Danke jfromdabay, genau so hats funktioniert...!!!


----------



## Zeench (21. September 2009)

Also an Alle nochmal. 
Mit Windows 7 funktioniert es wirklich nicht. Maus geht noch aber das Charging Dock bekommt man nicht in den bootloader Modus mit Win7. 
Unter Vista 32bit ging es wunderbar.


----------



## Barney Stinson (21. September 2009)

Das ist nicht richtig.
Ich hab das Firmware Update gestern mit Win7 x64 gemacht und es hat funktioniert, wie jfromdabay es beschrieben hat!


----------



## Zeench (23. September 2009)

Auch die Dockingstation?
Also bei mir ging es so überhaupt nicht, habe mich da 30min dran versucht ging nicht.
Denn für die Dockingstation hat er auch manuell den Bootloader nicht erkannt...
Unter vista gings dann in 2min...


----------



## GW-Player (27. September 2009)

Hat irgendwer schon positive Auswirkungen von den Firmwareupdates bemerkt?


----------



## Barney Stinson (18. November 2009)

Ich hab eben gerade das neuste Update gemacht, mir kommt es vor, als wenn die Maus direkter wäre.
kann mich aber durchaus täuschen!


----------



## Ecle (19. November 2009)

Meine Razer Deathadder ist auch mal beim Firmware Update eingefroren.
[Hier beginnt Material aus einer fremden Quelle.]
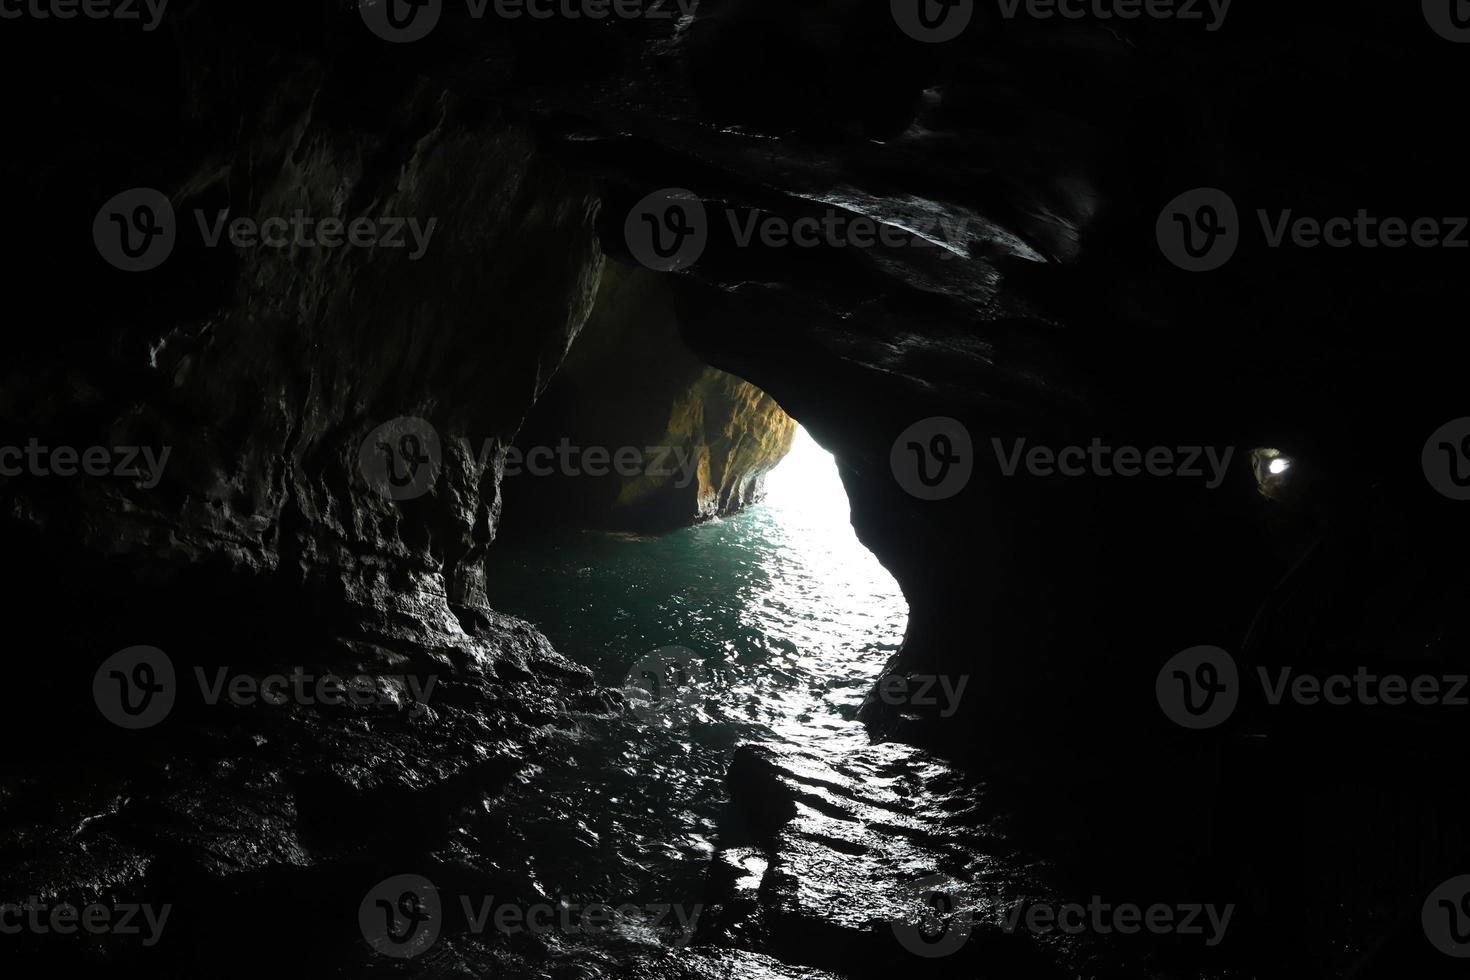 grutas nas falésias de giz nas margens do mar mediterrâneo. foto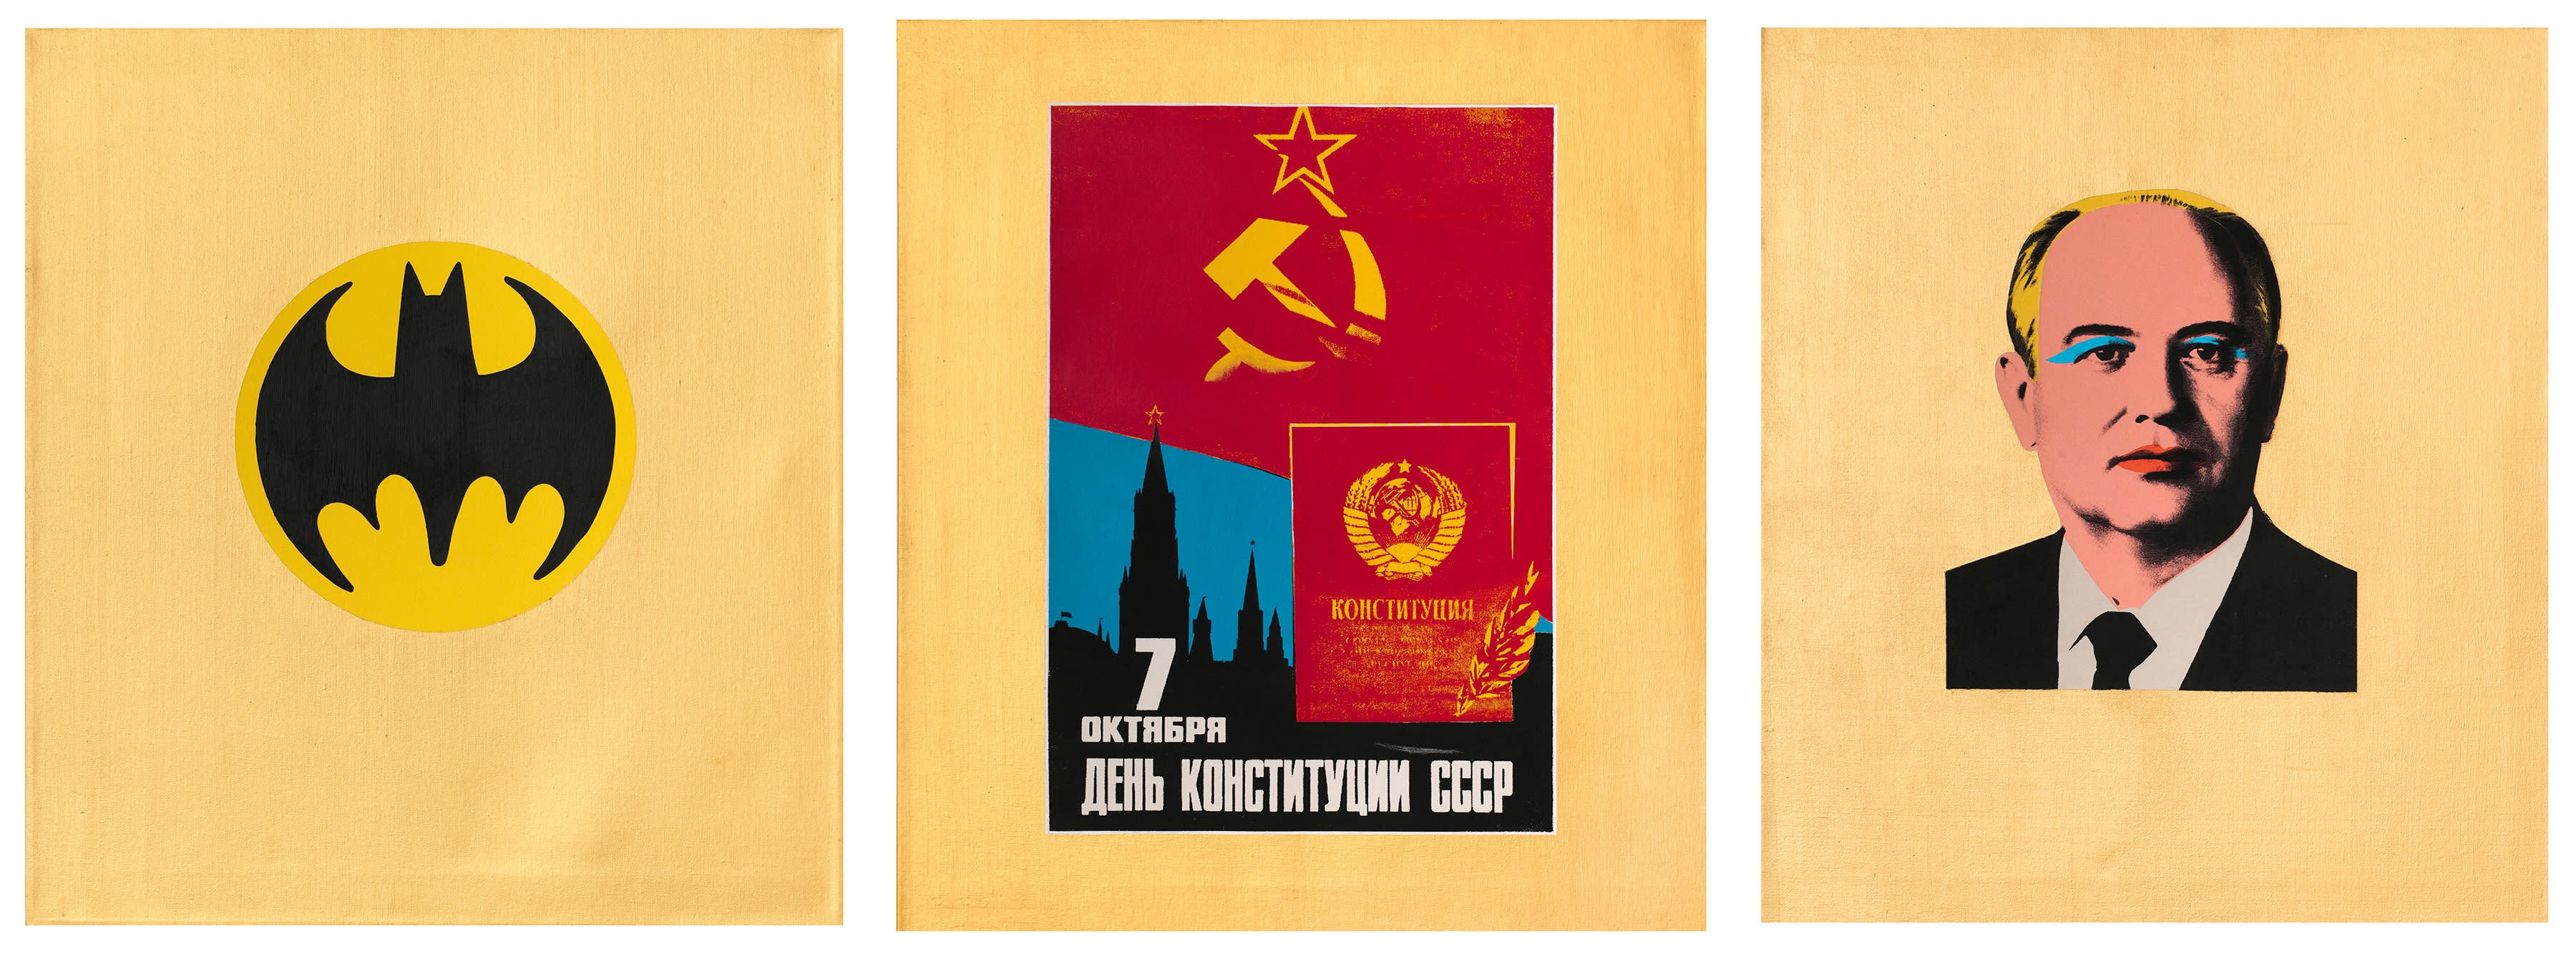 Gorbachev (triptych) by Alexander Kosolapov, 1990

Ließ sich nix mehr machen. Hab zurückgeschickt und dann ne neue Revision bekommen. Damit ging dann auch das Firmware Update.


----------



## Leonelf (6. März 2011)

Zeench schrieb:


> Mit Windows 7 funktioniert es wirklich nicht. Maus geht noch aber das Charging Dock bekommt man nicht in den bootloader Modus mit Win7.



Unter Win 7 x64 muss man es bei Charging Doch wie bei der Maus machen: Beim einstecken des USB Kabels den Pairing Button drücken, dann geht's!


----------